I will leave it to others better at punditry to offer the definitive remarks on President Obama's final state of the union speech. I found it to be an unappetizing blend of feel-good, defensiveness, and preacher-like hectoring on living up to our better natures — as defined by him.

Immigration figured prominently: "fix[ing] the broken immigration system" was mentioned right off the bat as one the items yet to be accomplished during his presidency. It also formed a consistent subtext in remarks about immigrants, inclusiveness, not blaming aliens for depressed wages, etc. But there was nothing in the way of detail for anyone trying to follow the direction these efforts to "fix" the system might take.

This may well be because the president has learned the peril of telegraphing his moves in advance, most particularly when they involve the invidious, imperial, and constitutionally dubious business of using "executive action" to achieve what he cannot bully Congress into doing.

But the clues are there.

When interviewed for a cloying article published in New York Magazine, recently appointed Attorney General Loretta Lynch commented that "My goal is to position the department [of Justice] where it will carry on in all of these issues long after myself and my team have moved on."

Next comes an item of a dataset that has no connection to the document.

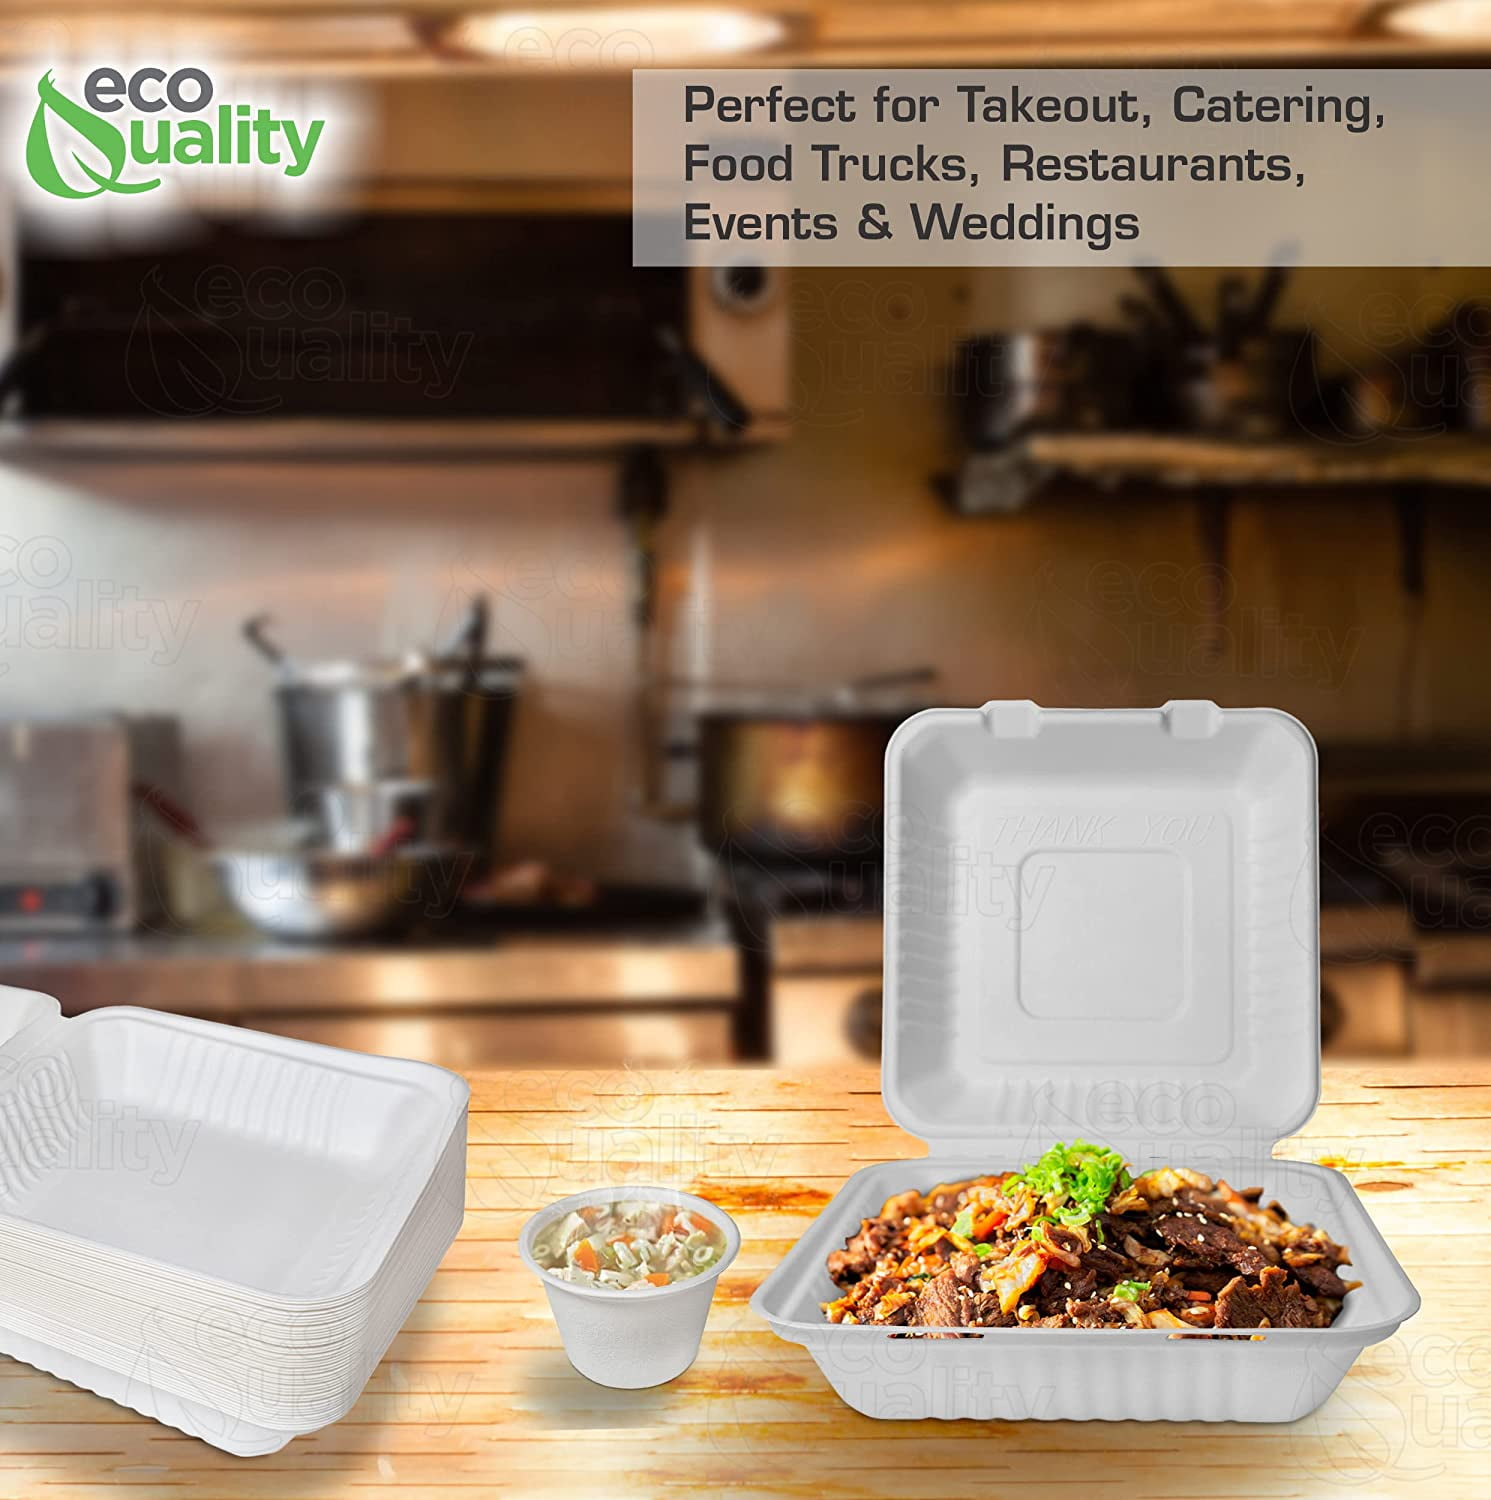 Compostable 2 Compartment Square Hinged Clamshell Take Out Food Containers 9x6x3 - Heavy Duty Quality Disposable to Go Containers, Eco-Friendly

One suspects that it is not just Lynch, and not just the Department of Justice (DOJ) where this effort is taking place to embed into the organs of government, on a long-term basis, left-leaning progressive policies. How, exactly, might the president and his cabinet accomplish this?

There are two ways, and the first has become well known: using "executive action" to stretch the power of the presidency into arenas constitutionally preserved to other branches of government to achieve what they wish. Even if we were to assume that the next president promptly begins the process of rescinding these actions, there have been so many, and they have been so far-reaching, that it will take years to undo the damage, if indeed it can be undone. The federal bureaucracy is like a battleship; formidable, but slow to change direction precisely because of its awesome size and complexity.

Which brings us to the second way the president and his cabinet can push their agenda long after vacating their chairs. It is well known that presidents, all presidents, regardless of party, eagerly cram the federal judiciary with appointees who share their views, at the district and appellate court levels and — the crown jewel — even the Supreme Court when vacancies appear, which happens rarely because federal judges and justices are given lifetime appointments. While there are only nine Supreme Court justices, there are hundreds of district and appellate court judges, so vacancies appear regularly.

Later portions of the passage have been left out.